## Prompt
Wherever pictures appear in the listing below, leave them out, and copy exactly, and only, everything from the line with "Catalogo Living. Catlogo" down to the line with "ORF PV 2020 Slider Cover Oesterreich".

## Data listing
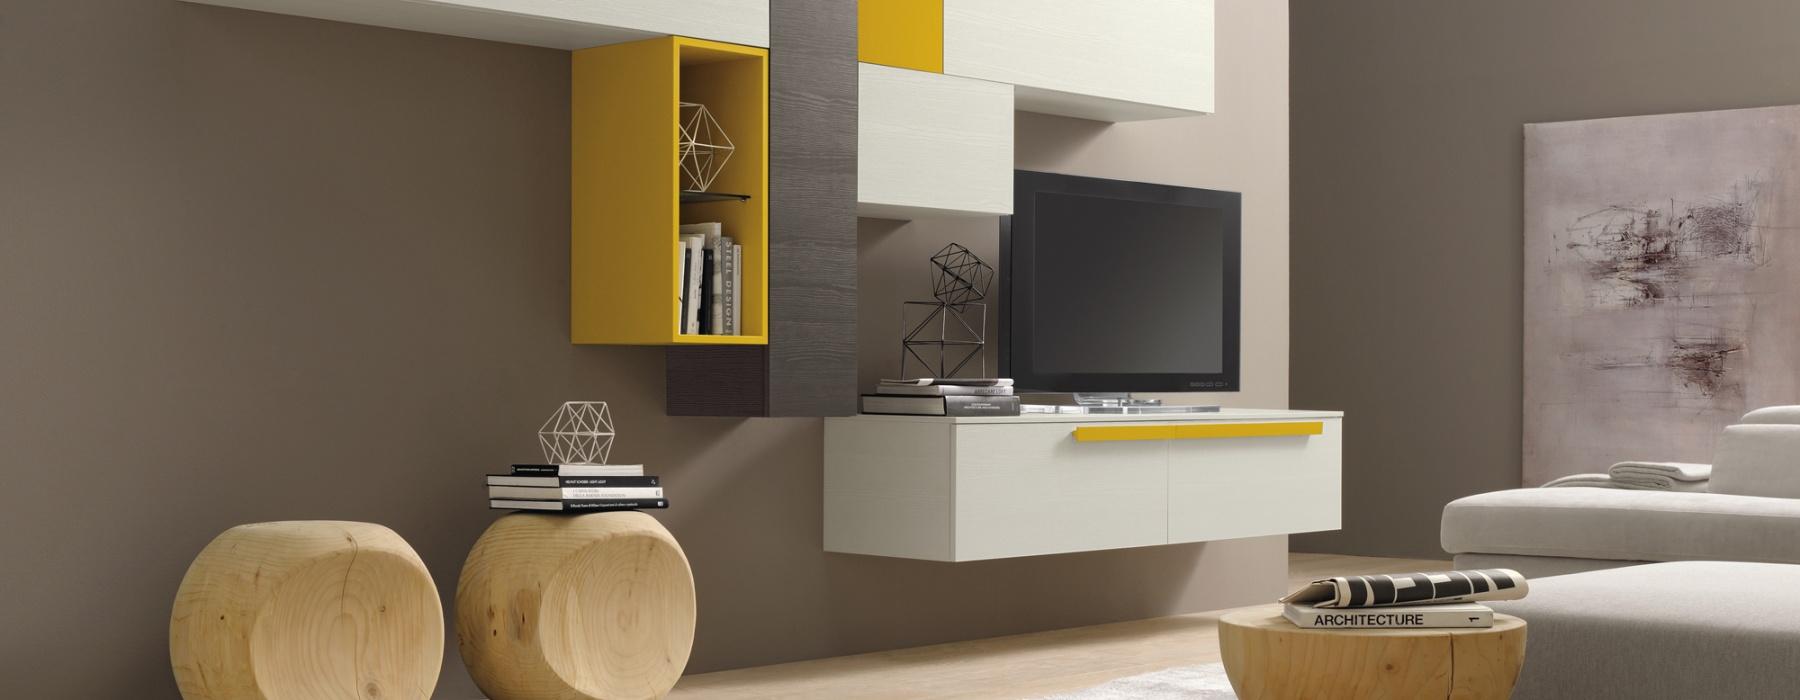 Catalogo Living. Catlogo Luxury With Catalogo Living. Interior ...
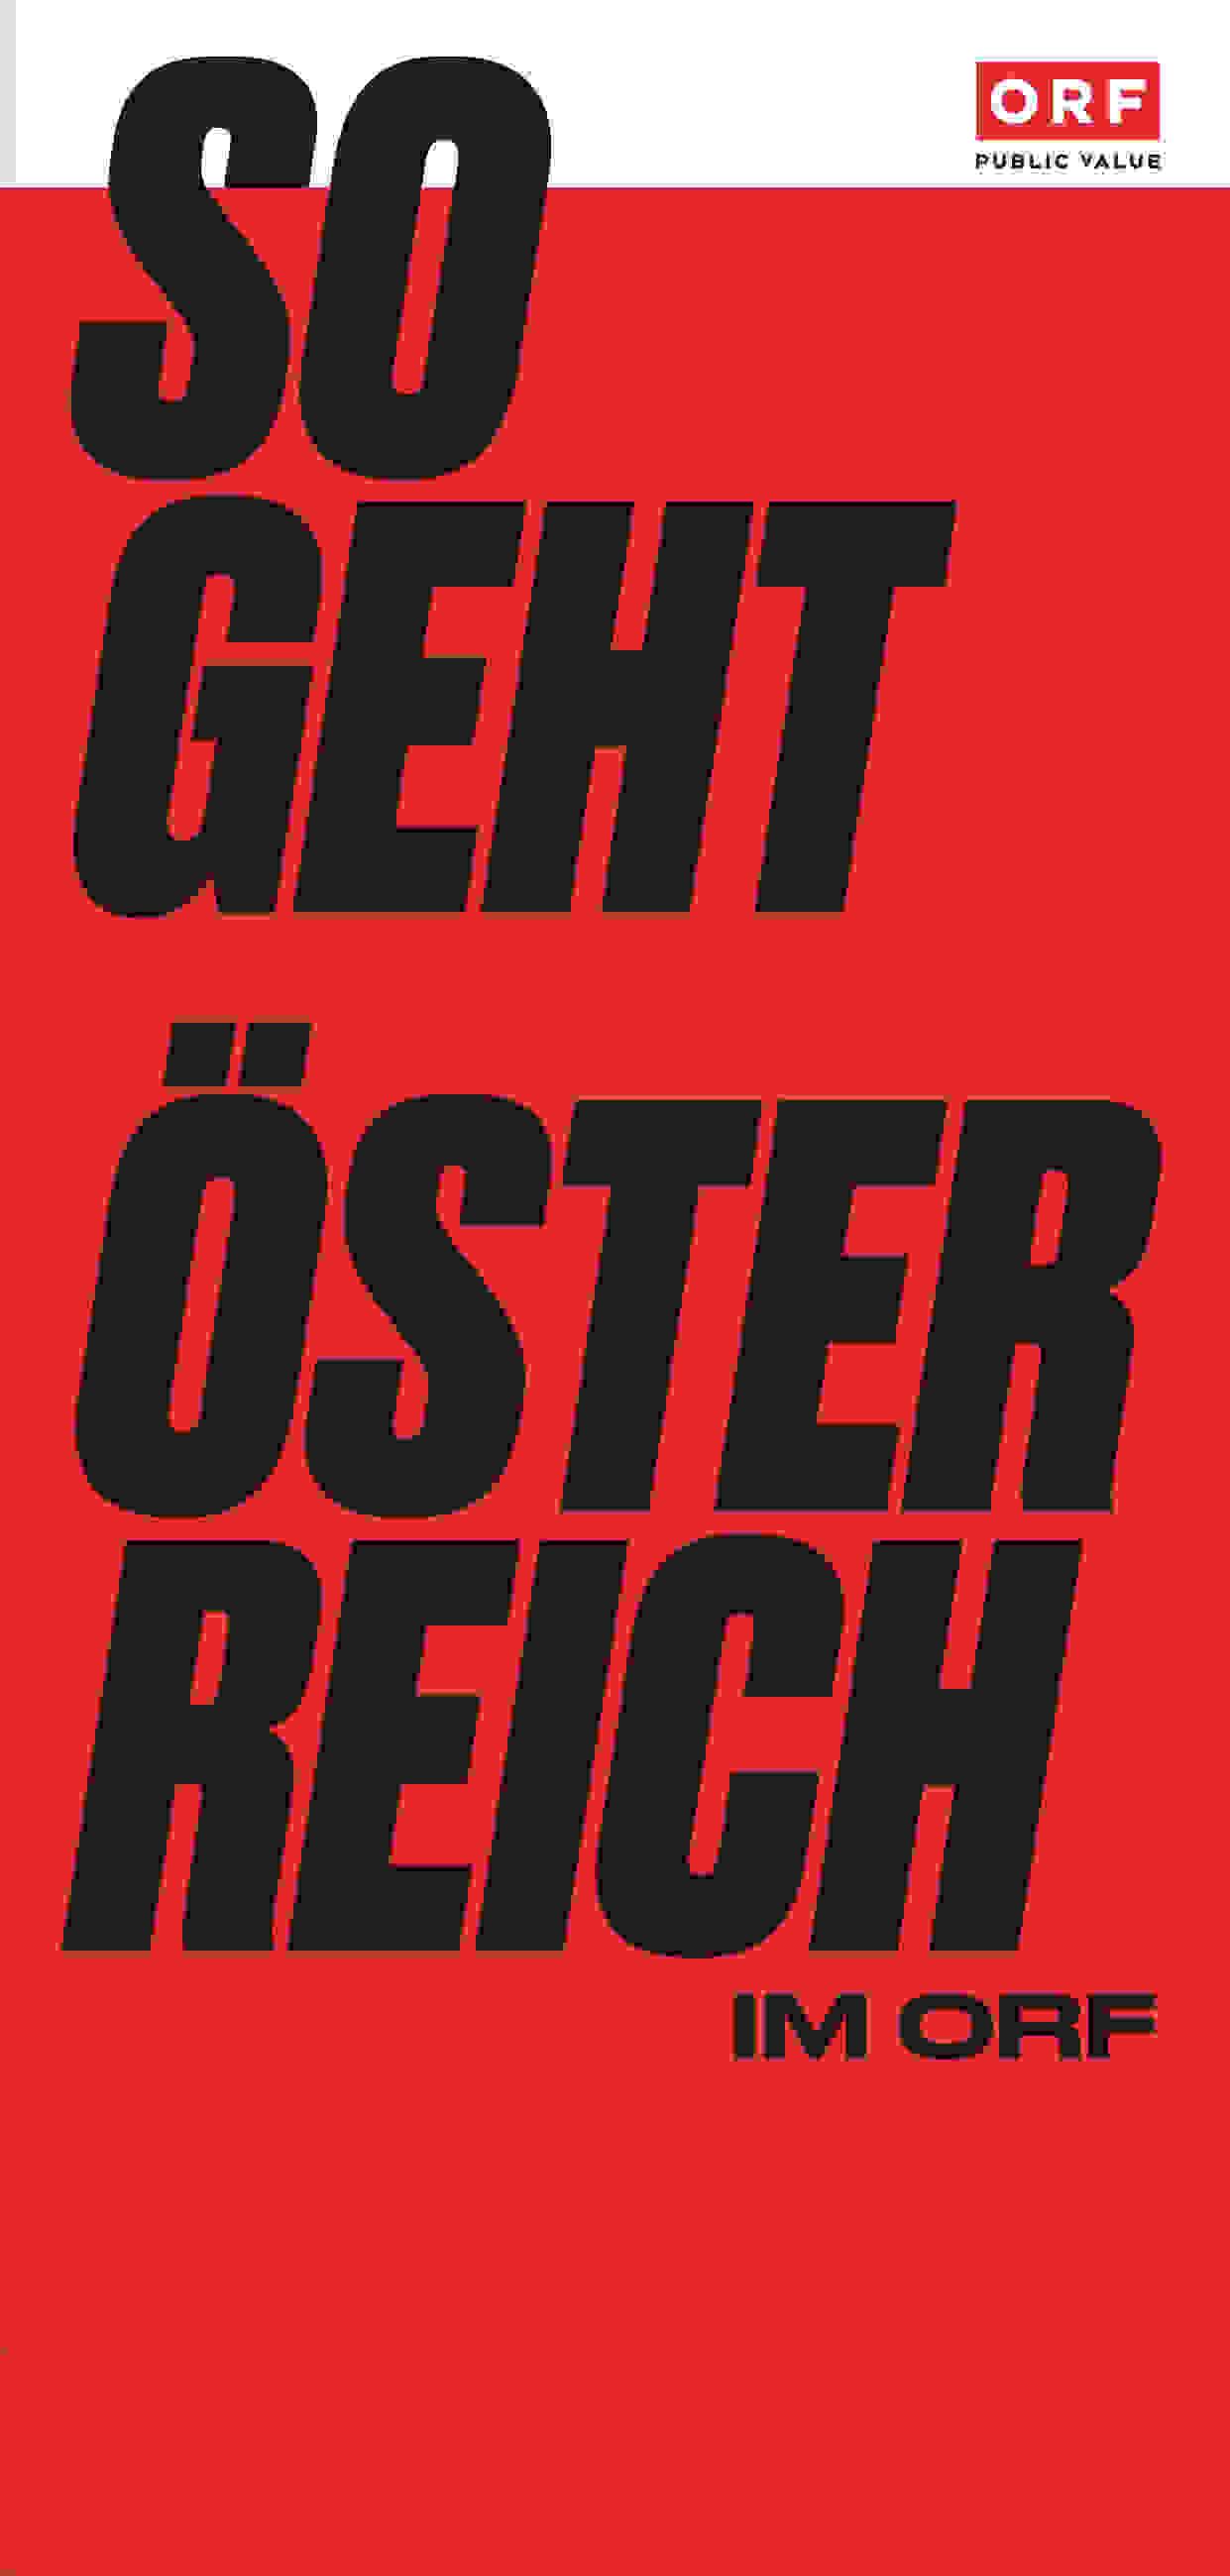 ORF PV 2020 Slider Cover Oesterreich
...
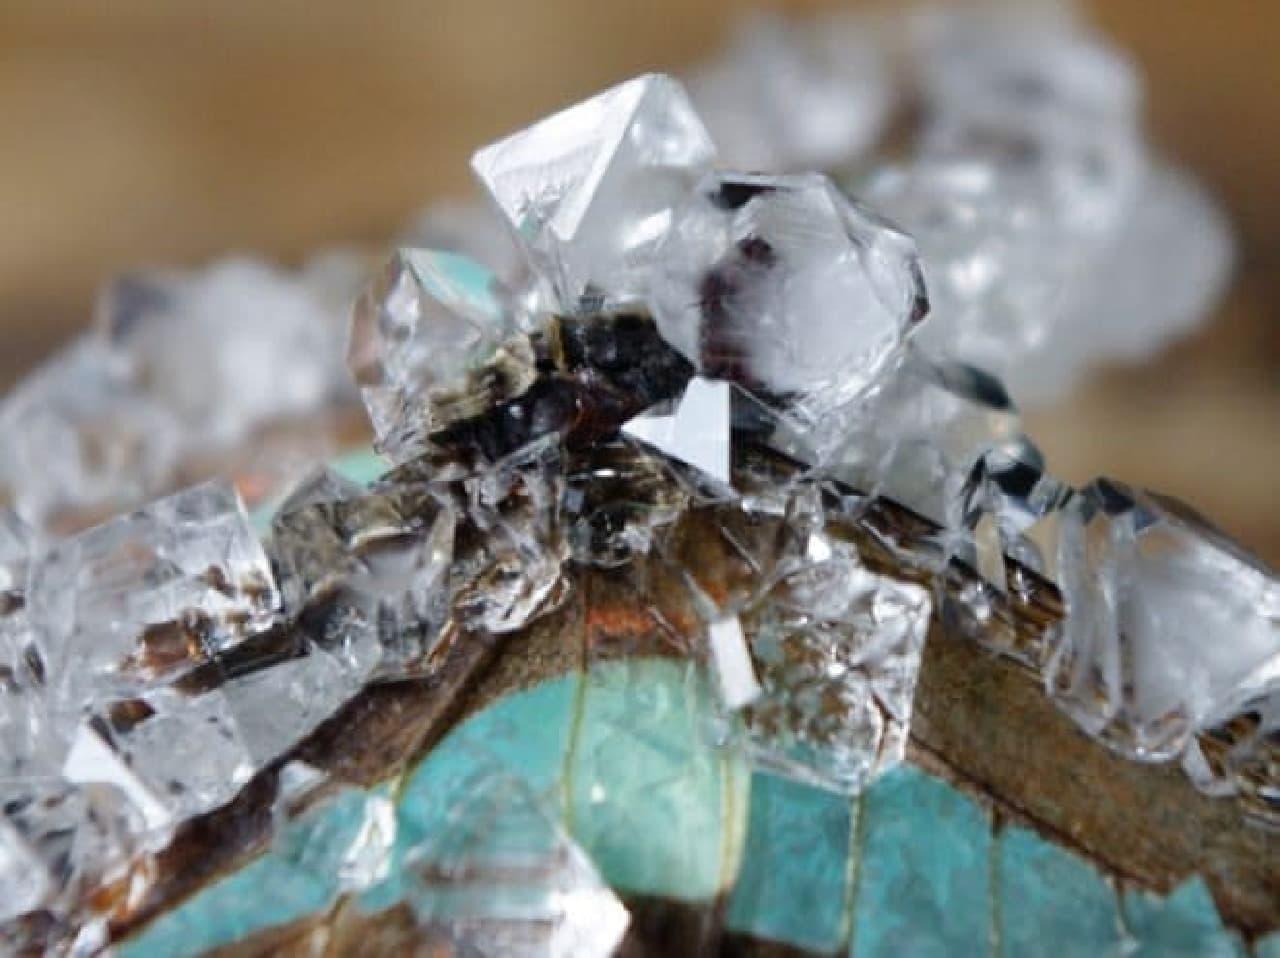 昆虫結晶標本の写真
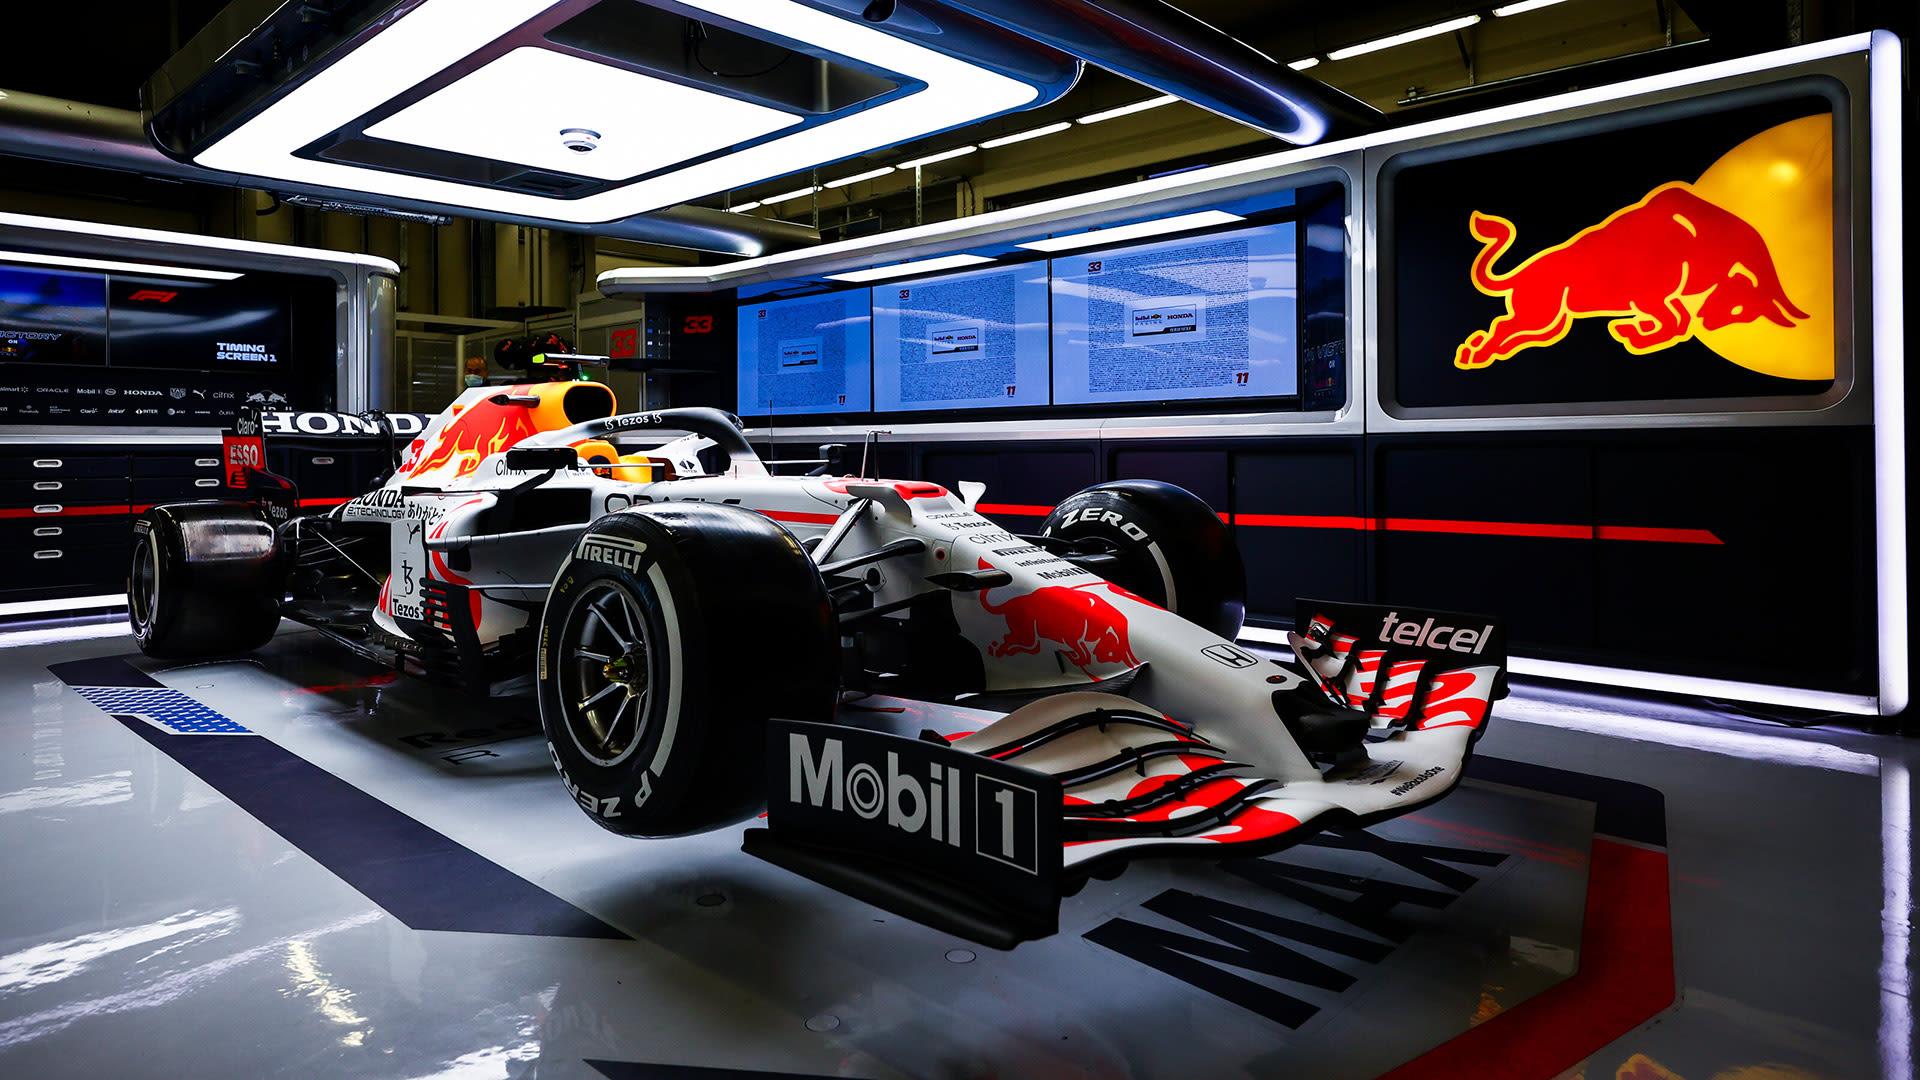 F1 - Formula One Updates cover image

## Finished task
 Catalogo Living. Catlogo Luxury With Catalogo Living. Interior ...
 ORF PV 2020 Slider Cover Oesterreich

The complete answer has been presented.